Support tiers, stated plainly: the DuckDB runtime, MCP stdio server, and CLI are the
supported core — they run in CI on every change. The MetricFlow translator
([mf2sr/](mf2sr/), behind `semantic-rails import`) ships in the wheel and its tests run in
every gate, but its surface is younger than the core's. Snowflake execution (Snow CLI and
native connector) has dialect-level unit coverage but live execution is exercised manually,
not in CI. The hosted demo is best-effort. This is currently a single-maintainer project;
support is best-effort via [SUPPORT.md](SUPPORT.md).

## Current Boundaries

- Unsupported mixed-grain paths fail fast with `MIXED_GRAIN_INVALID` or `REWRITE_NOT_SUPPORTED`.
- Alias resolution returns stable IDs and ambiguity candidates.
- `build-options` is the primary builder API; `valid-values` searches categorical values for selected dimensions.
- Supported event-pair conversion metrics execute for the governed event-count model, including same-store variants.
- The `explain` payload returned by `compile` includes alias resolution, chosen paths, rewrite steps, logical plan, SQL AST, and rendered SQL.
- Shipped package configs use `expr` AST nodes for measure definitions.

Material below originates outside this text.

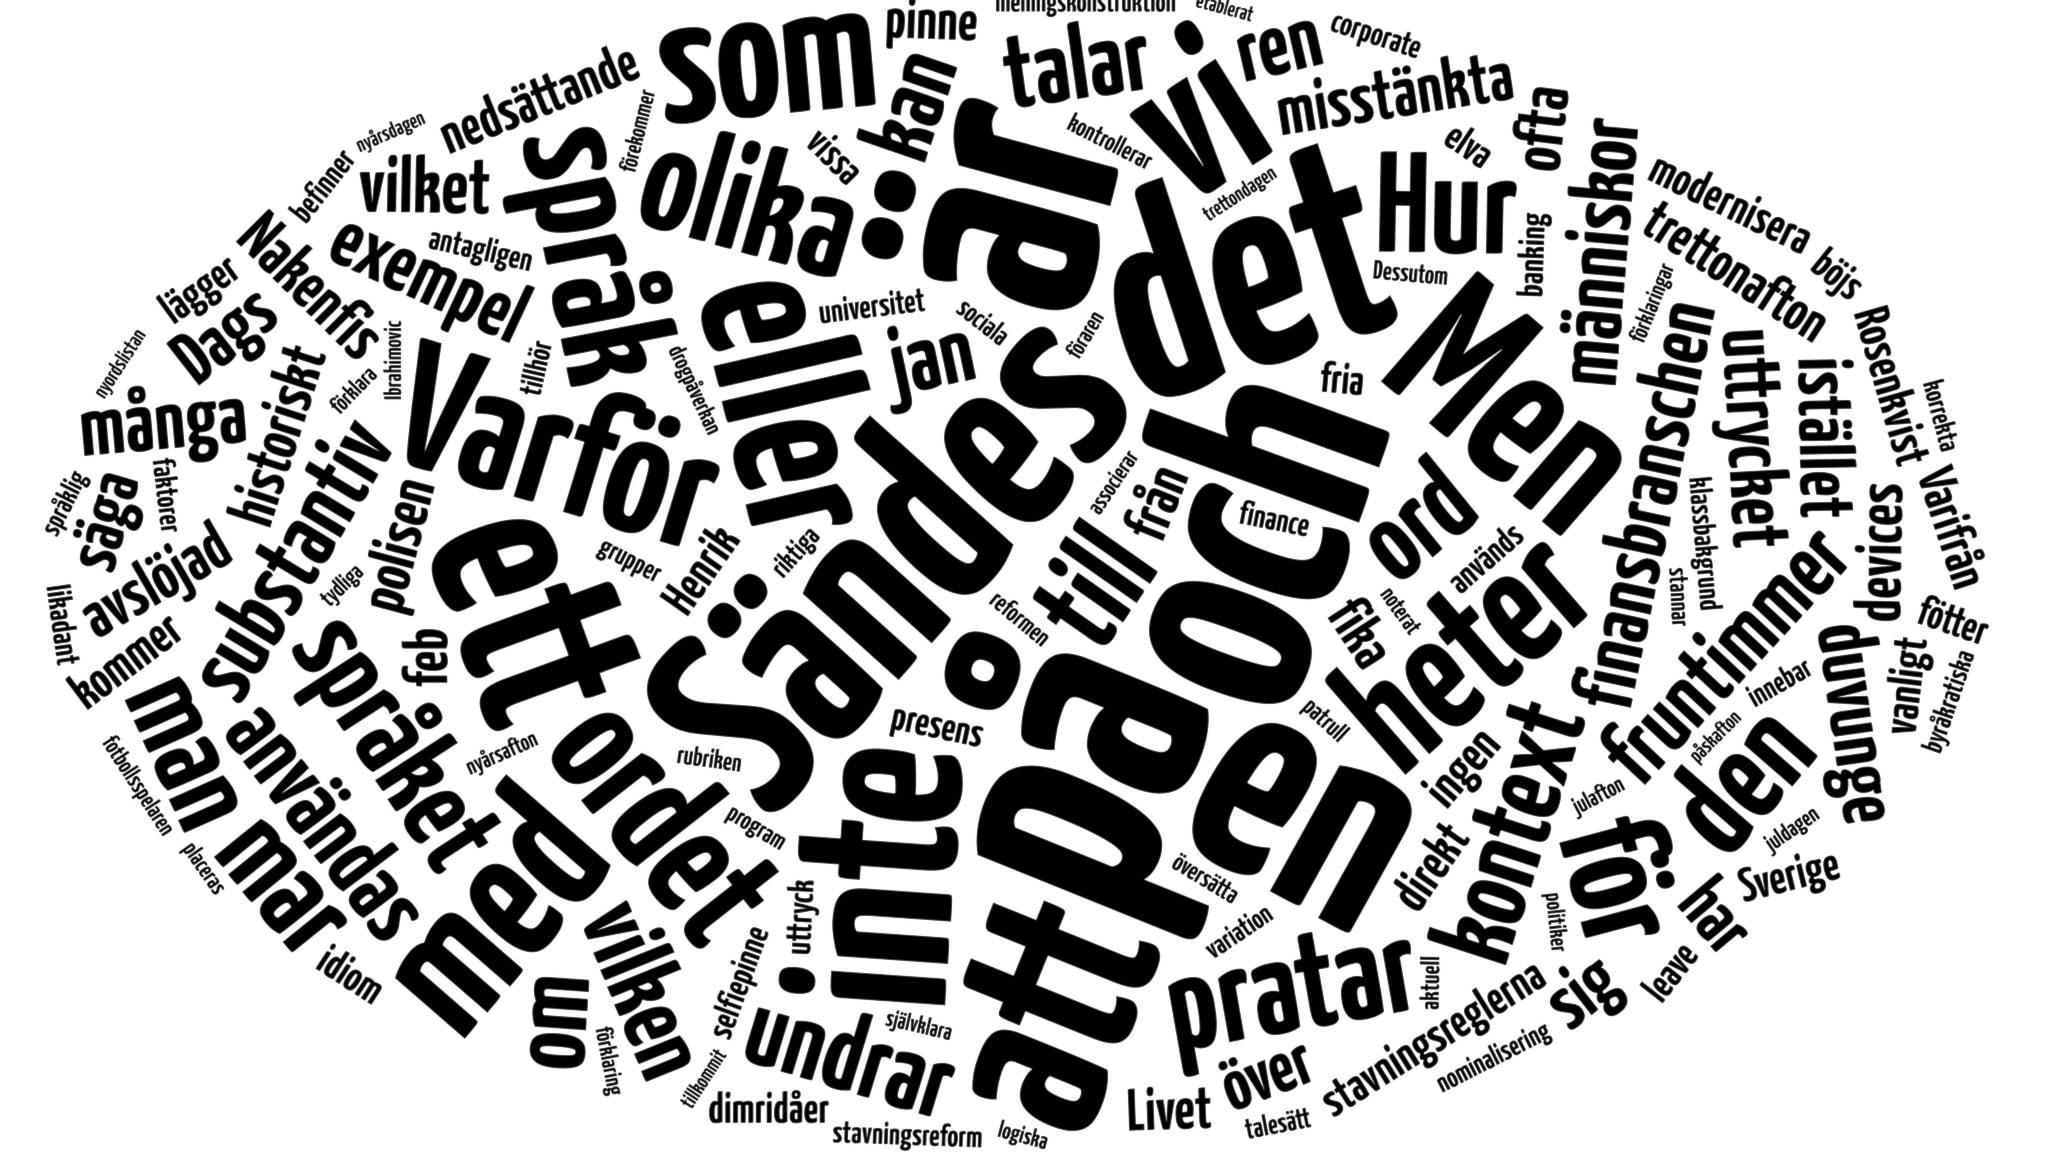 Hur många ord finns det i svenska språket  5 maj 2015 kl 13.35 - Språket  7acebf5b91d20
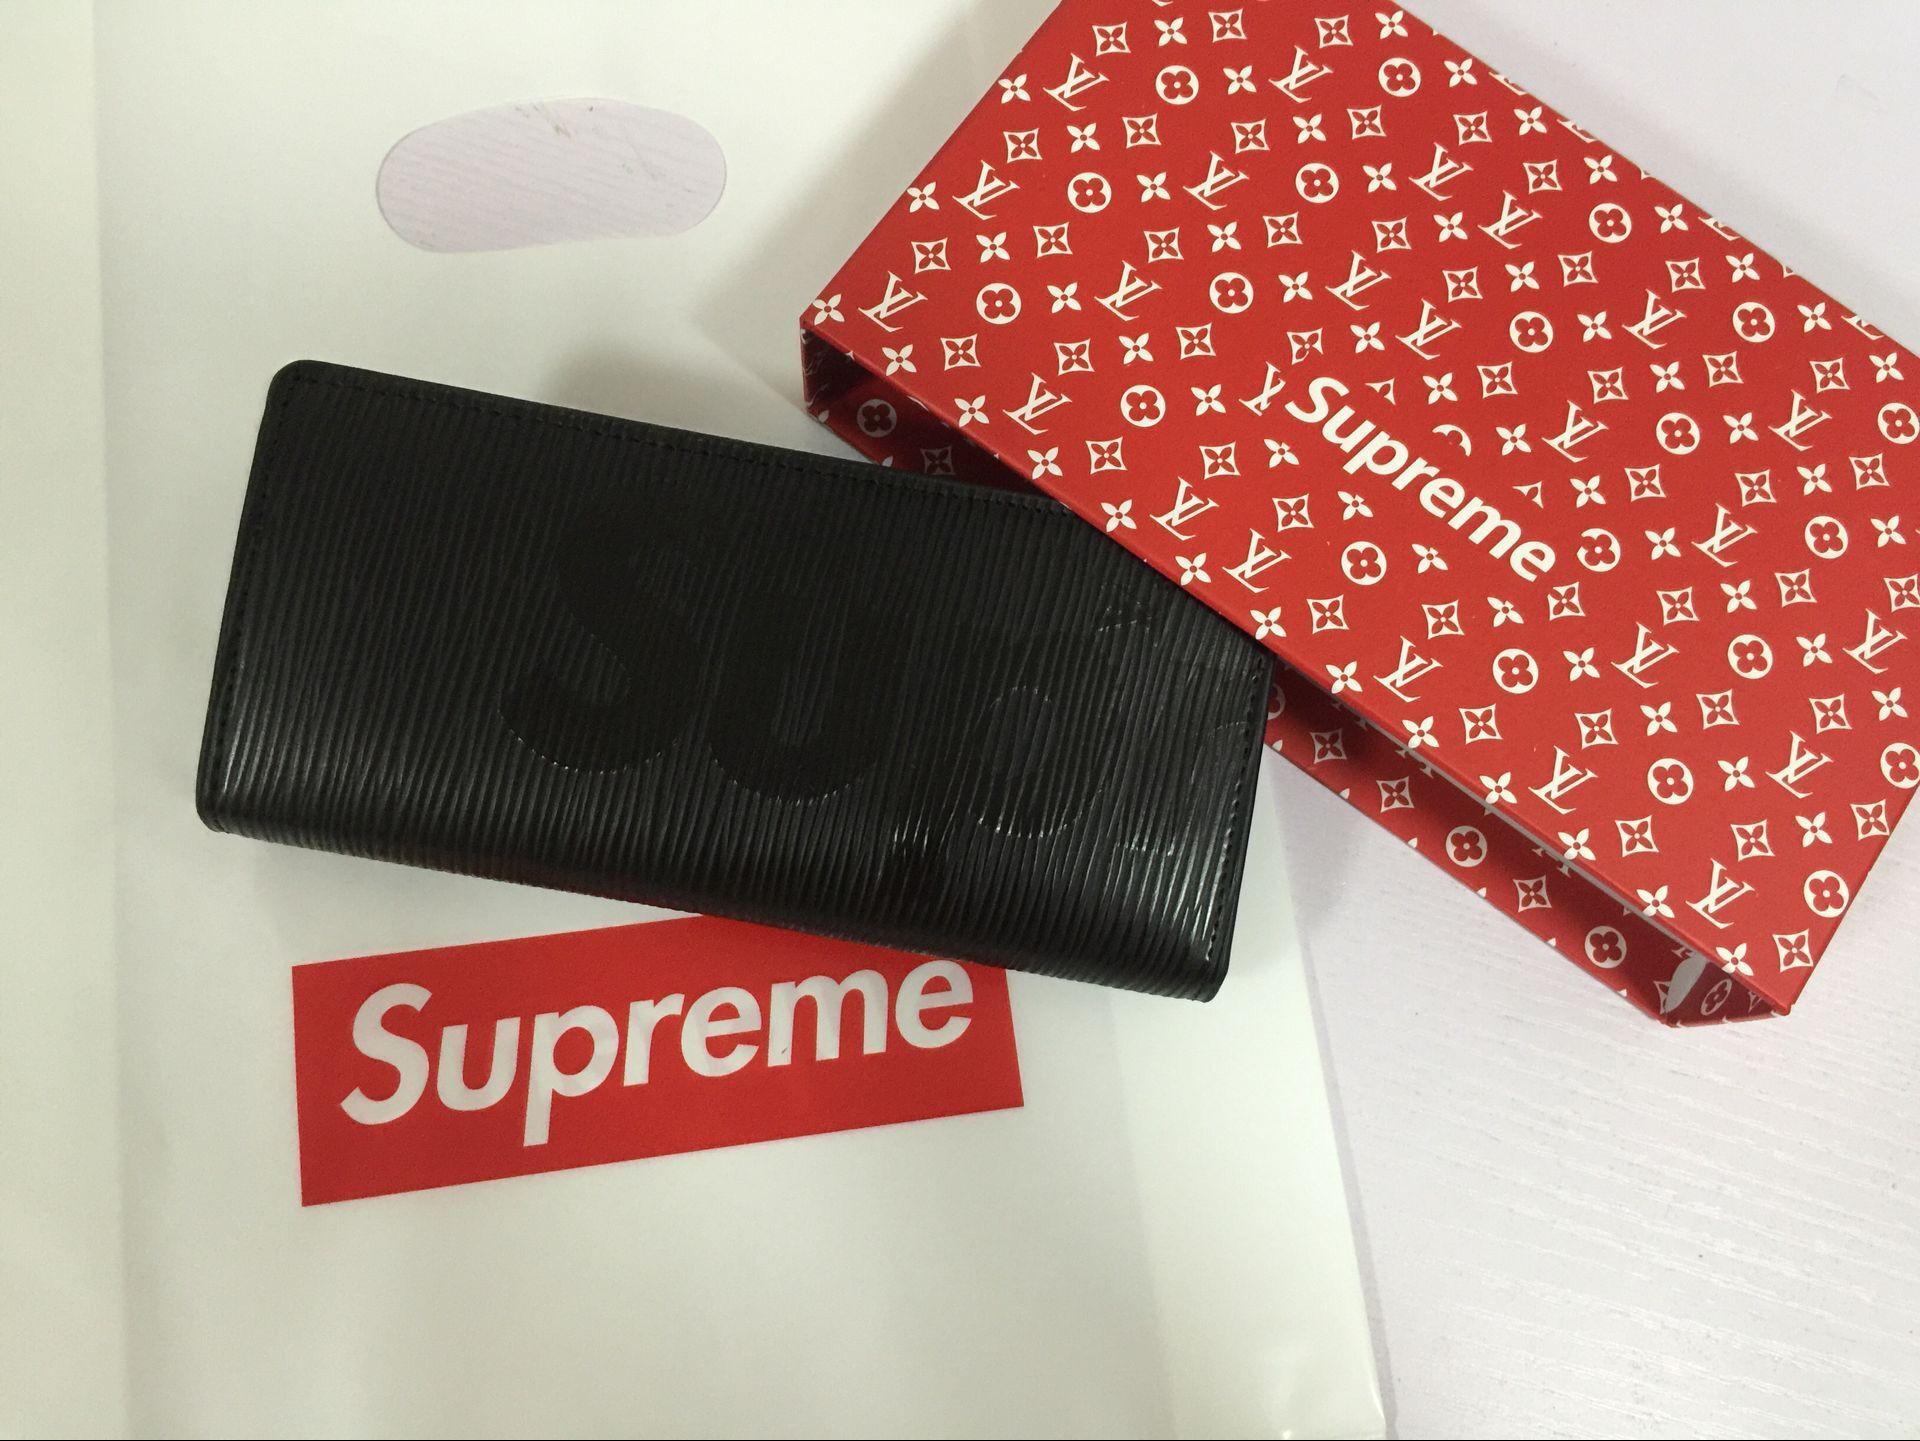 新品2700 supreme&LV シュプリーム 長財布 小銭入れ セール  ブラック

## Relation-Pipeline Claim Boundary

Authored `relation:` pipelines are a compile-time primitive — they let authors
declare `json_explode`, `date_spine`, `anti_join`, and similar steps that lower into reviewed
SQL CTEs. There is no runtime SQL pipeline endpoint, no arbitrary CTE compiler, and no
transformation orchestrator. Shipped capabilities are the evidence-backed surface: package
models with `relation` metadata, graph entities, semantic joins, measures, metrics,
`metric_predicate`, supported conversion metrics, segments, Query IR, validation, compile,
explain (which surfaces `chosen_paths`, `candidates`, and `relationship_contract`), and
execution.

Semantic Rails is not a general ELT tool, transformation orchestrator, arbitrary CTE
pipeline compiler, managed materialization service, or unrestricted nested-predicate planner —
if you need those, pair it with the tools that do them well.

## License

This repository is open source under the Apache License 2.0. See [LICENSE](LICENSE) for the canonical
terms, [SUPPORT.md](SUPPORT.md) for community support channels, and
[SECURITY.md](SECURITY.md) for vulnerability reporting.